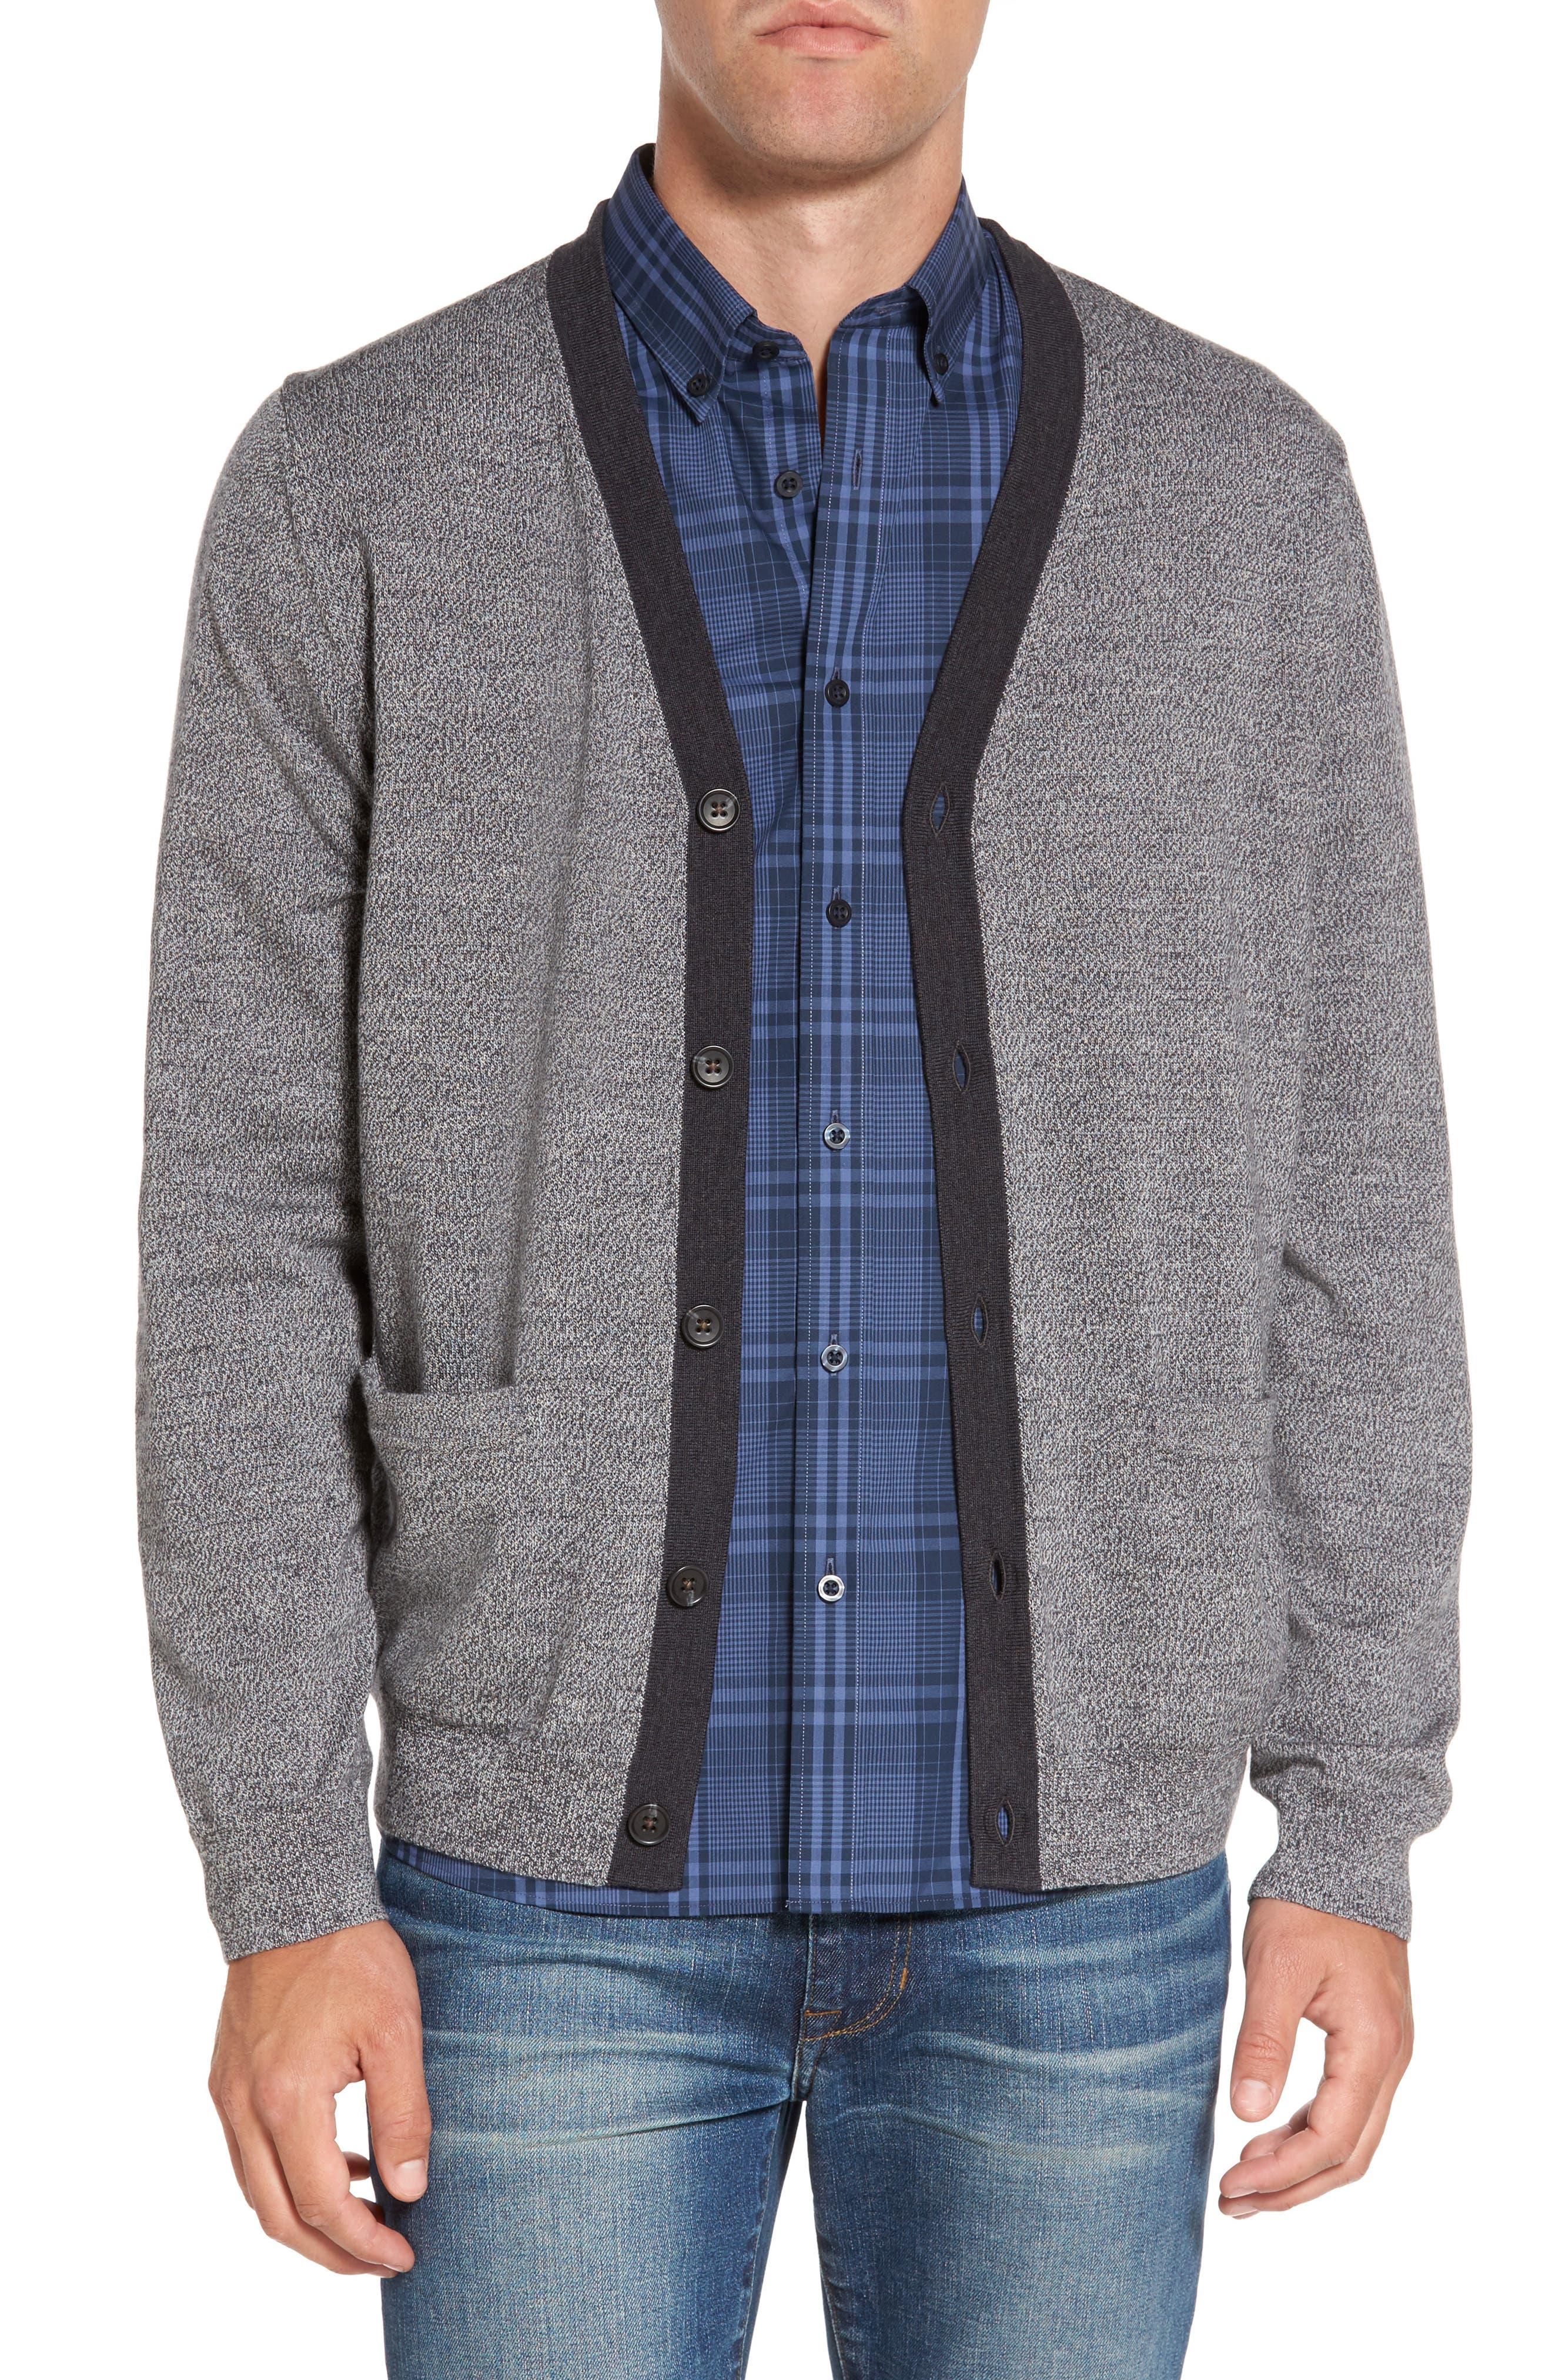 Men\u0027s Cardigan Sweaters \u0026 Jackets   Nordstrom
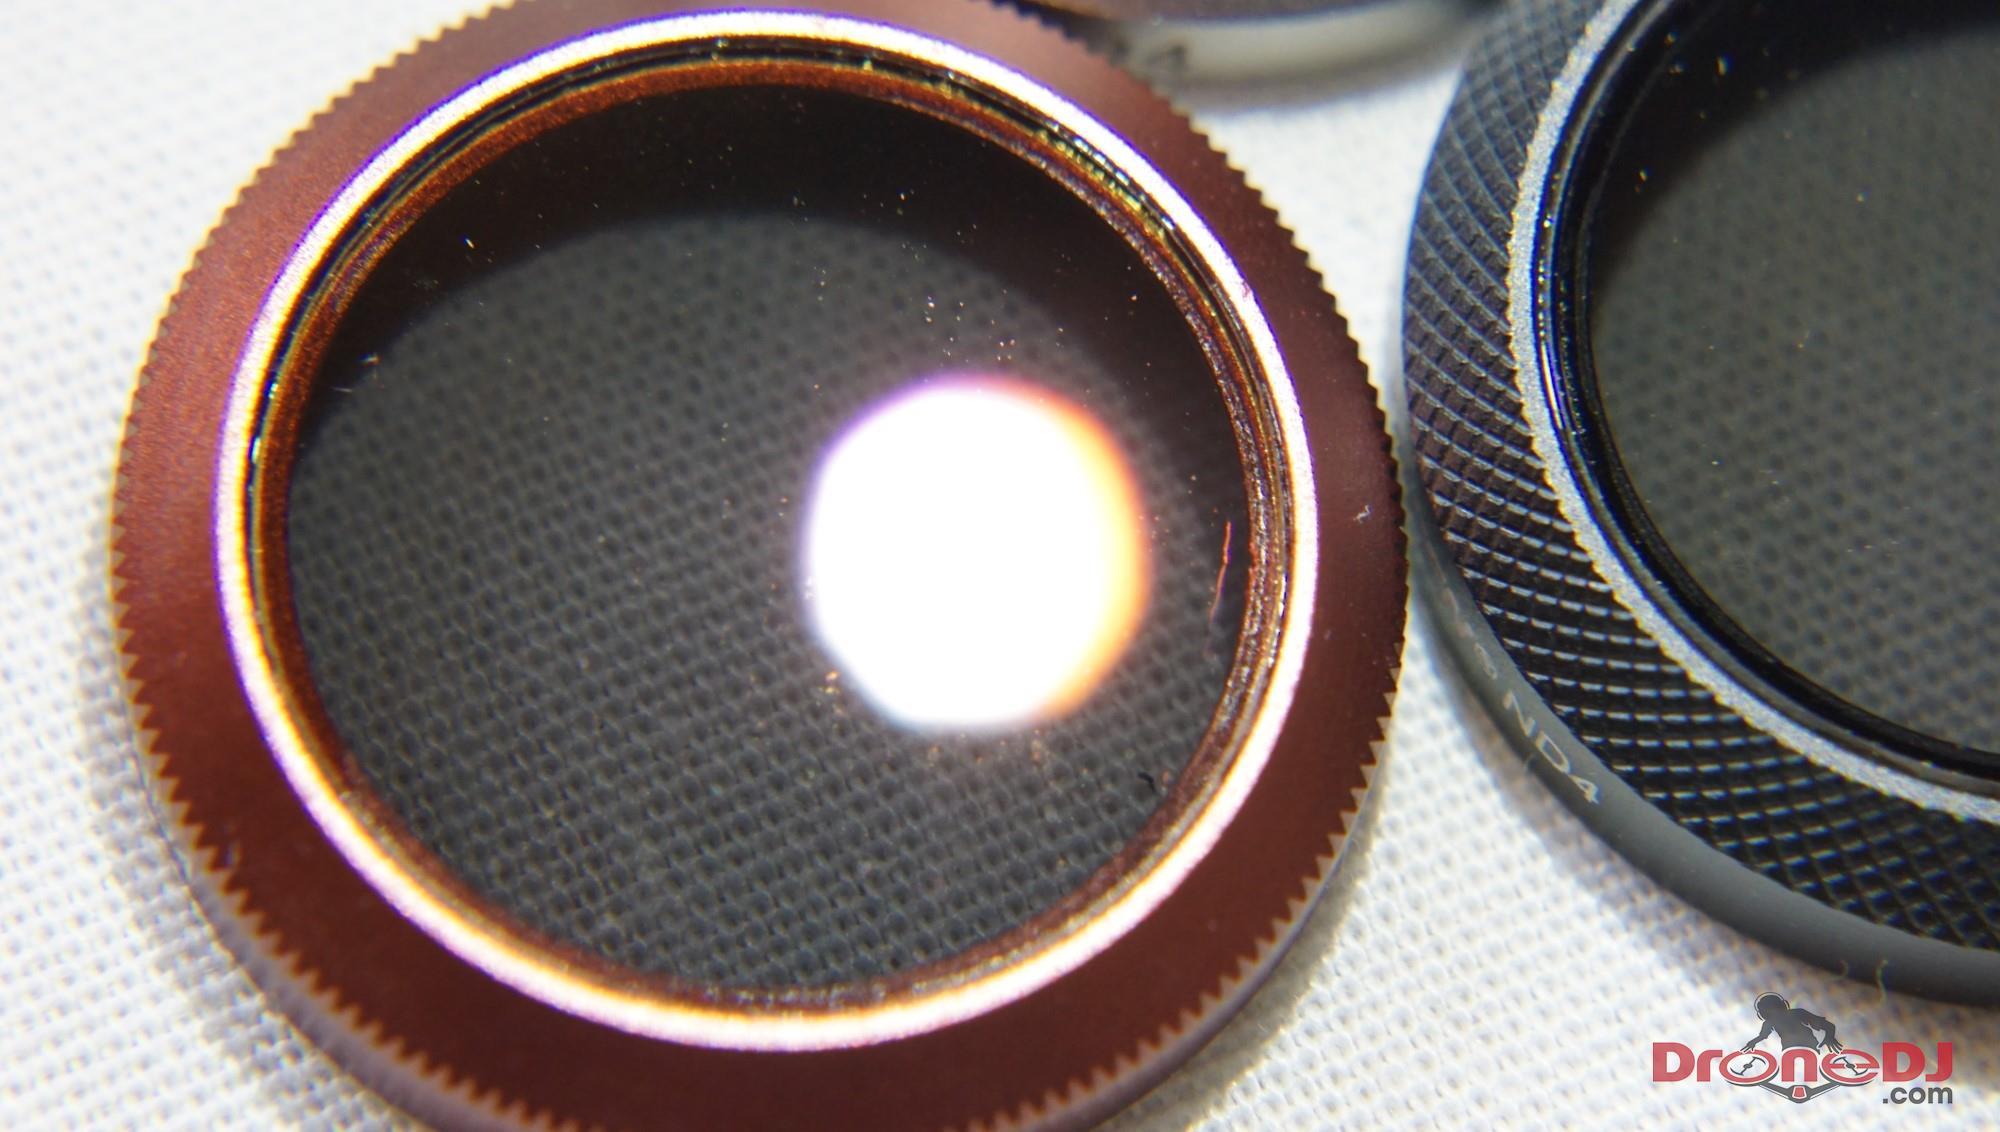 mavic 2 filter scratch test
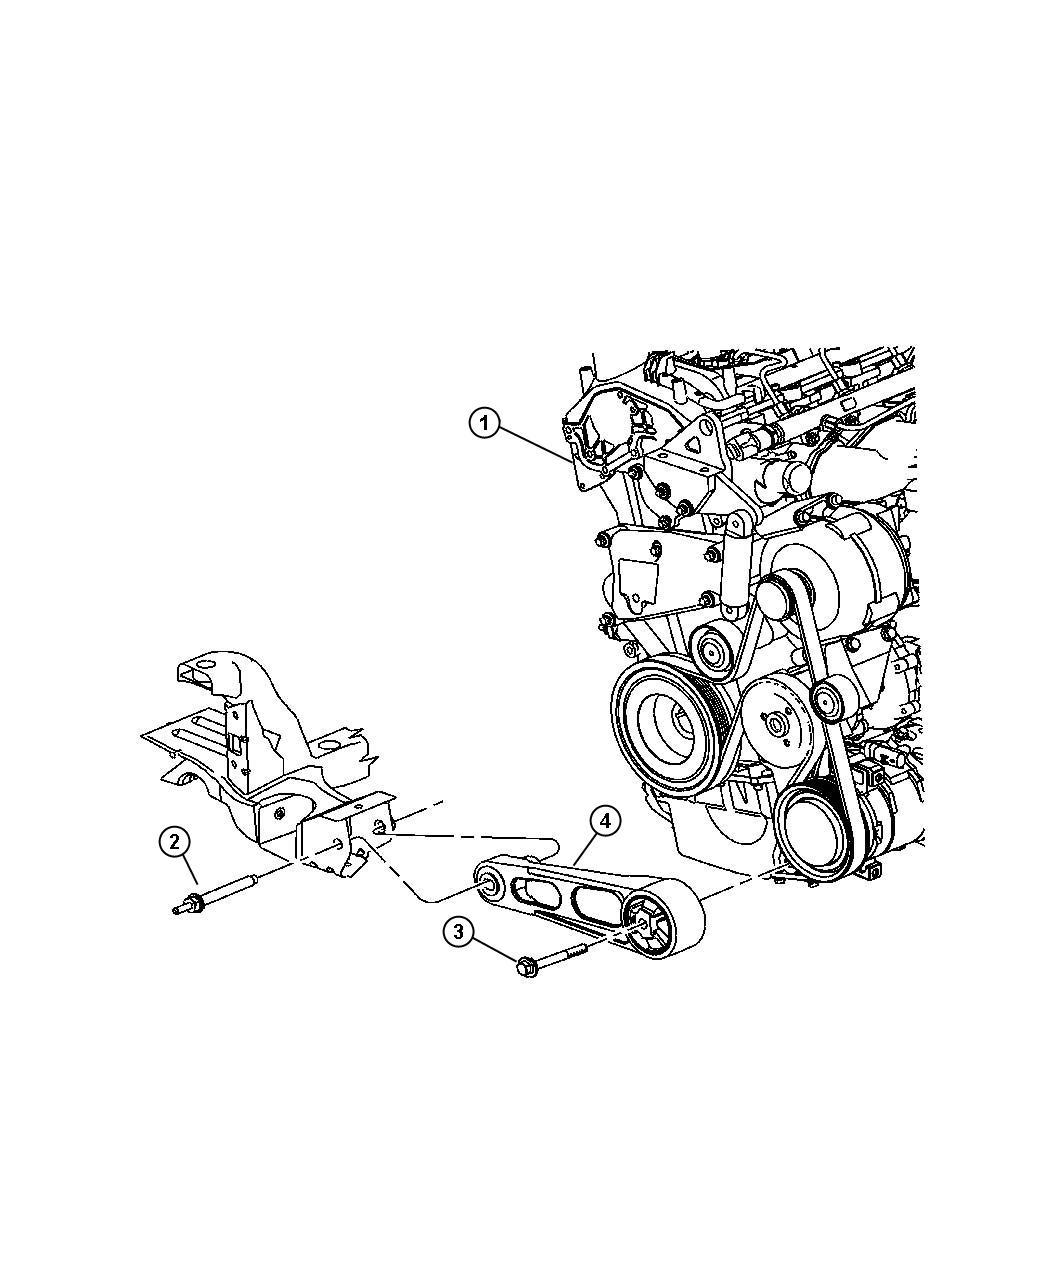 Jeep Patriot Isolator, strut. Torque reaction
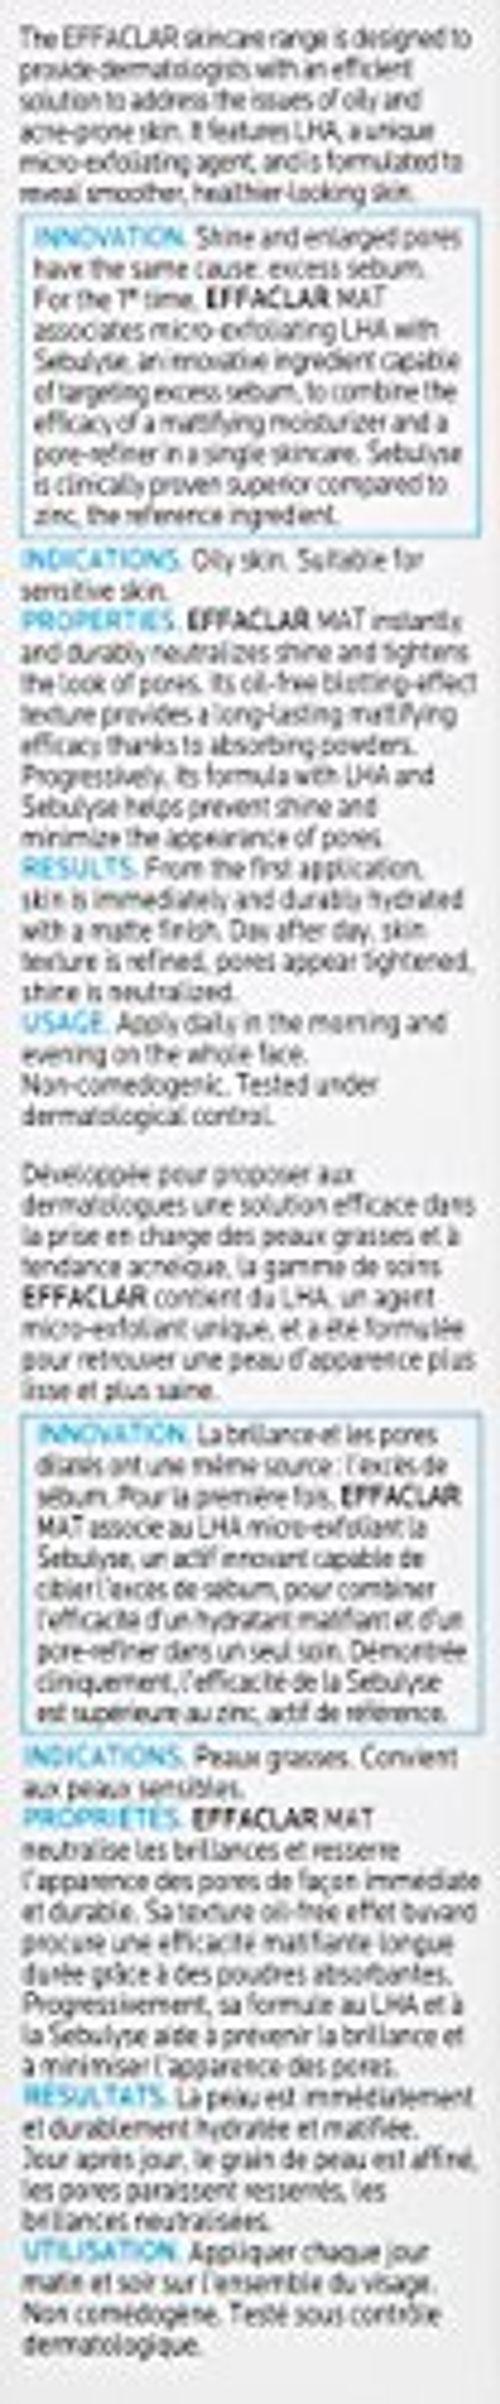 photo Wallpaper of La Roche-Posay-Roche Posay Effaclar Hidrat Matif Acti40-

══════════

**ASSIGNMENT**
Give back exactly the lines from the line with "Jeep Patriot Isolator, strut." through the end of the material above, and omit every picture.

**SOLUTION TO THE PROBLEM**
 Jeep Patriot Isolator, strut. Torque reaction
 photo Wallpaper of La Roche-Posay-Roche Posay Effaclar Hidrat Matif Acti40-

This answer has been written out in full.